Threat researchers have unveiled a novel cyber-attack leveraging cloaked emails to outsmart machine learning (ML) systems, infiltrating corporate networks. Termed the “Conversation Overflow” attack, this tactic sidesteps robust security measures, delivering phishing messages directly into recipients’ inboxes. These malicious emails are composed of two distinct segments: a visible portion prompting action and a hidden section containing benign text aimed at deceiving ML algorithms.

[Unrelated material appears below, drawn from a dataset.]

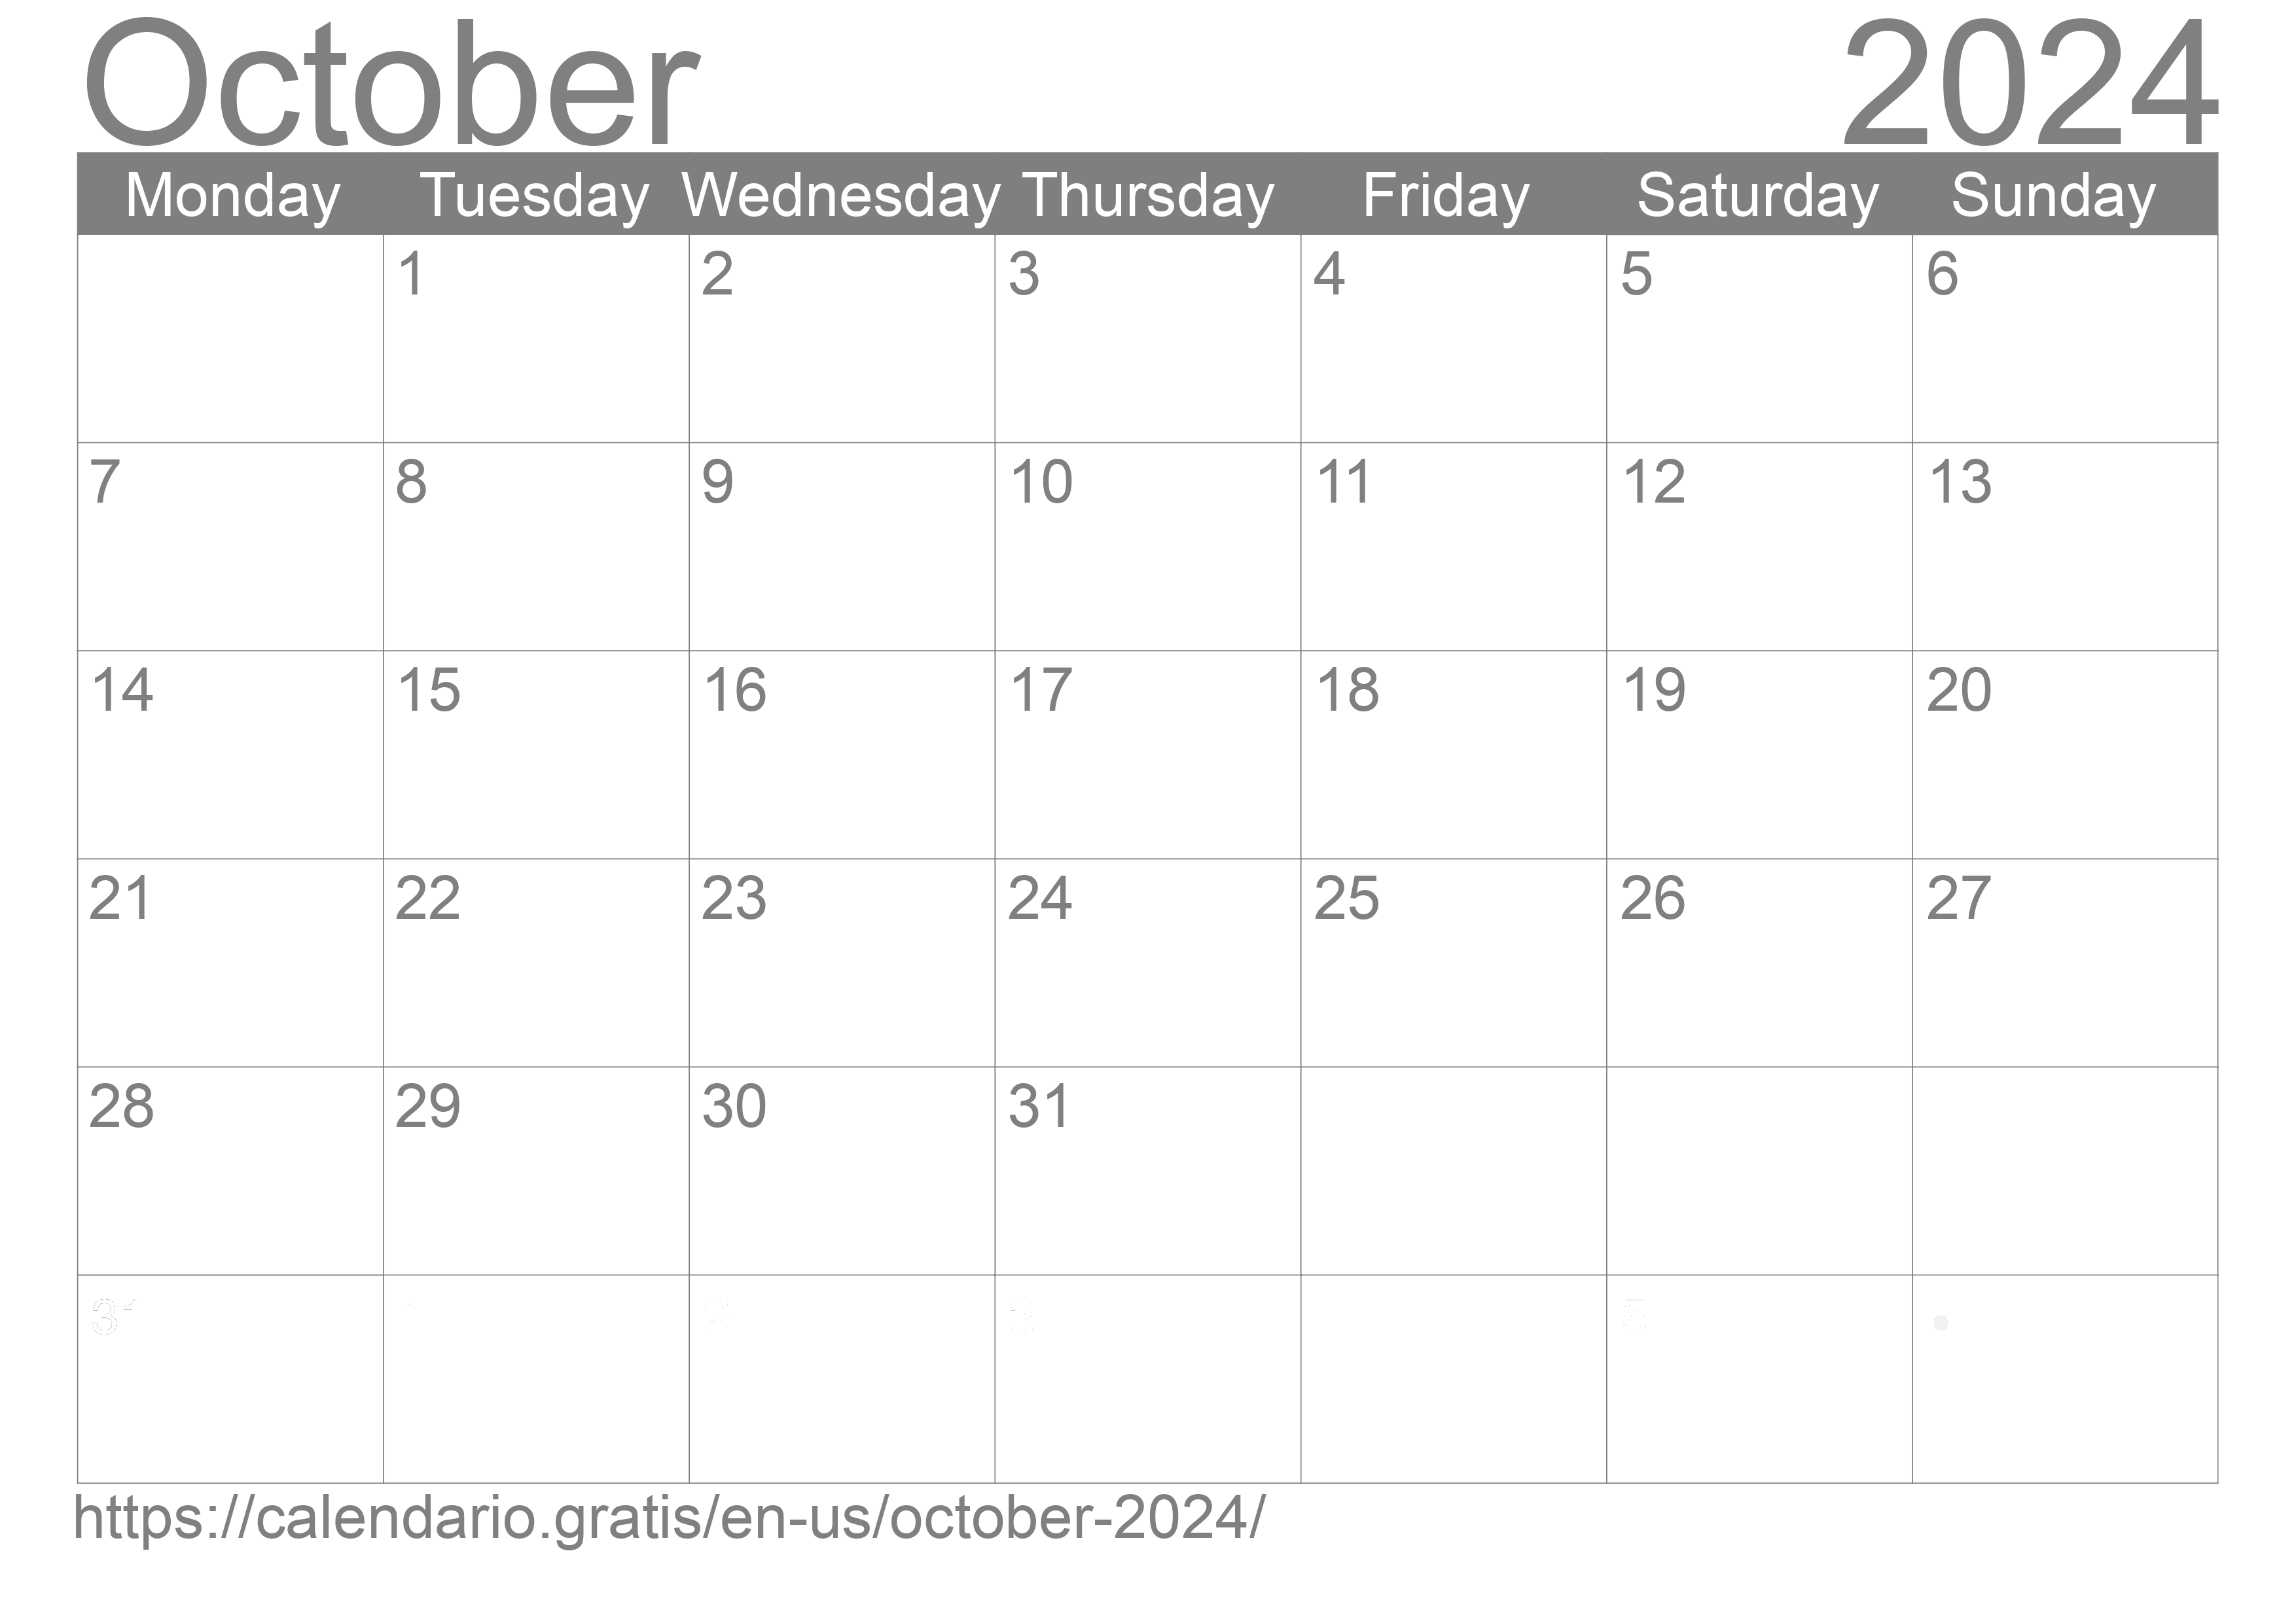 calendar-october-2024-from-united-states-of-america-in-english-calendario-gratis

The concealed text, interspersed with blank lines, mimics typical email content, tricking ML systems into categorizing the email as authentic and allowing it to evade security checks. SlashNext researchers have observed repeated instances of this technique, suggesting its deployment by threat actors to bypass AI and ML security platforms. Unlike conventional security methods that target known malicious signatures, ML systems identify anomalies from familiar communication patterns, making them susceptible to exploitation by cybercriminals.
Upon successful infiltration, attackers employ credential theft messages camouflaged as legitimate re-authentication requests, often targeting high-ranking executives. The stolen credentials fetch lucrative prices on underground forums, posing a grave challenge to advanced AI and ML defenses. SlashNext’s advisory underscores the urgency for security teams to fortify their AI and ML algorithms, provide regular training, and implement multi-layered authentication protocols to counter such evolving cyber threats.